Interviewing sales & account reps
Sales and account reps have more direct contact with customers and prospects than anyone else in your company. You can use informal one-on-one conversations, structured round-table discussions or simple online survey tools to explore the requests they receive from customers, competitors they see in the market, solutions in place, etc. Their feedback may be biased towards short-term sales, but it can still provide insights into overall market trends.
Deeper read of customer survey data
VOC and NPS surveys provide a great deal of data beyond the overall score – which often gets the attention. For example, reading through the full set of open-ended comments provides context and texture around customer needs. Combining other customer data with NPS data allows you to look at trends and differences across different type of customers (e.g. product segment, sales volume, tenure as a customer, etc.). Manually creating a spreadsheet that combines the data is cumbersome, but often faster than trying to get things combined in your ERP or CRM system.
Social media, and job sites
LinkedIn, Salesforce’s data.com, and Hoovers provide insights into a competitor’s number of employees and revenue. You can see how many staff are devoted to sales and marketing activities, where sales reps are located, etc. Each source will have a slightly different number for these metrics but by looking at more than one you will triangulate on a usable estimate.
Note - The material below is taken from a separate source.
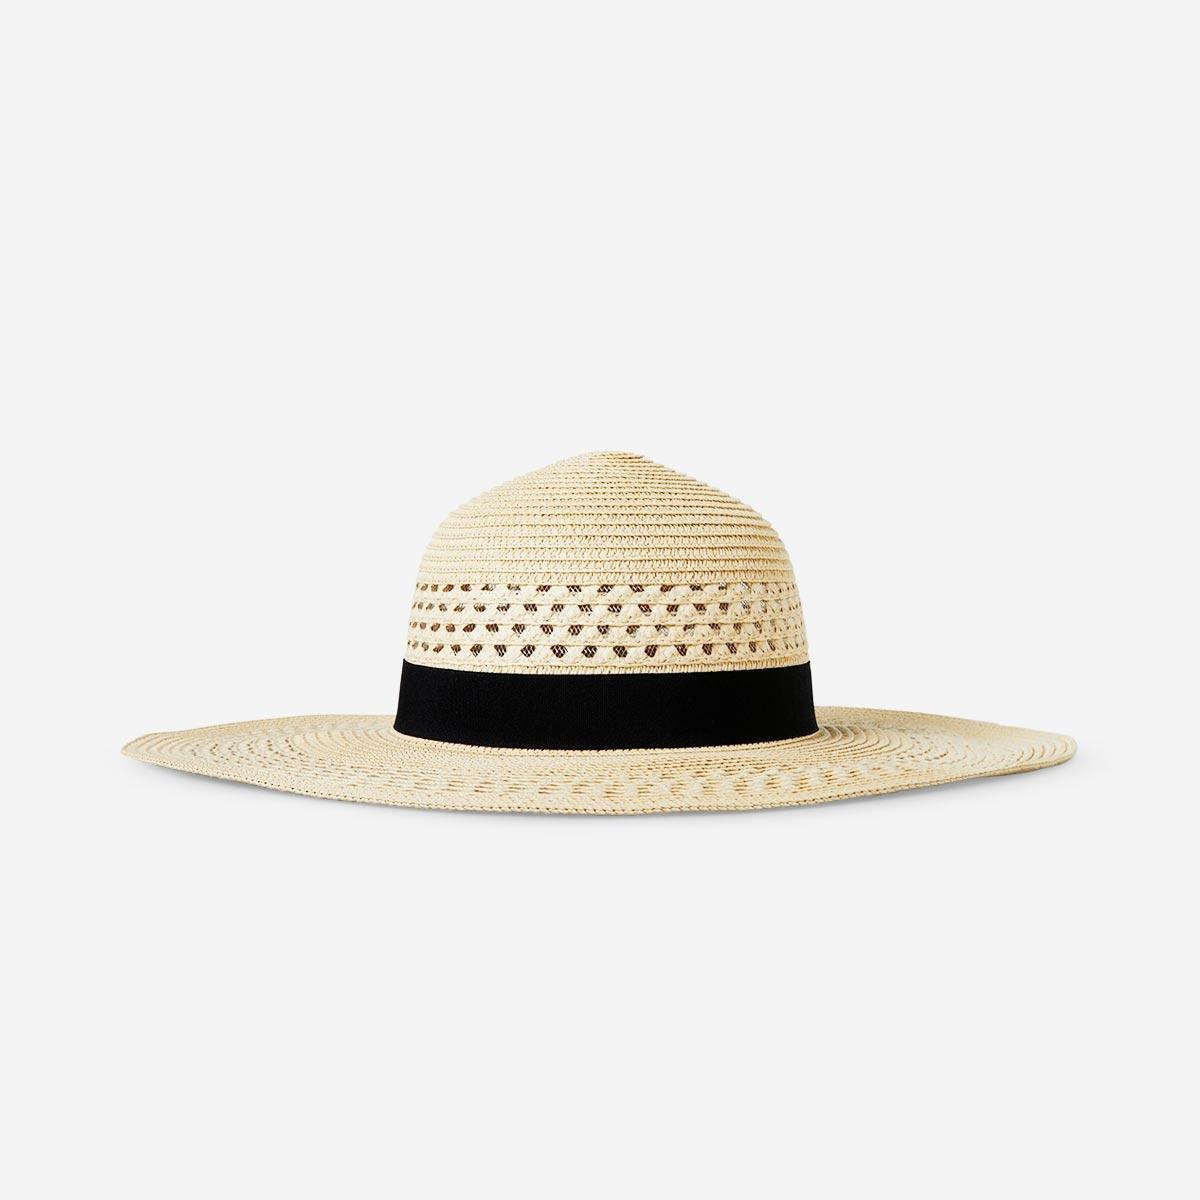 Straw summer hat

Jobs sites such as Indeed.com and the Hiring section of a competitor’s website can indicate if the company is growing and their focus (e.g. are they hiring more marketing people than would be expected, a certain type of engineer, etc.).
A search of SlideShare can uncover sales and investor presentations and similar materials that show how a competitor is presenting itself to the market.
Conducting win/loss interviews
Conducting interviews with recent wins and losses provides insights into the market’s decision process, vendor evaluation criteria, and how you compare to competitors. Win/loss interviews are best conducted by a third-party partner. If using an external partner isn’t in the budget, the interviews should be conducted by someone not connected to the sales process.
Reference class comparisons
The goals of data-driven decisions are to predict the future and narrow uncertainty. Reference class comparisons—an analytical approach, rather than a data source—can help frame likely future outcomes. The past doesn’t necessarily predict the future, but it’s a good place to start. Future product introductions, acquisitions, entries into new markets, etc. are likely to unfold similar to previous efforts. If you predict that the new effort will be significantly different from the past it forces you to evaluate and identify the data that supports your assumptions.
Tying it together
The secret sauce of big data is that it combines disparate data to form a conclusion based on the relationships that exist. Big data uses algorithms, models, and machine learning to create an outcome that is greater than the sum of its parts. B2B marketers do this daily using little data, basic tools and their experience and judgement – the original big data machine.
Collecting and combining the data sources is time consuming and tedious. It also doesn’t answer all the questions – every decision is based on incomplete data. However, it’s worth the effort: It provides insights that will help B2B marketers evaluate market opportunities, competitors, customer needs and overall market trends.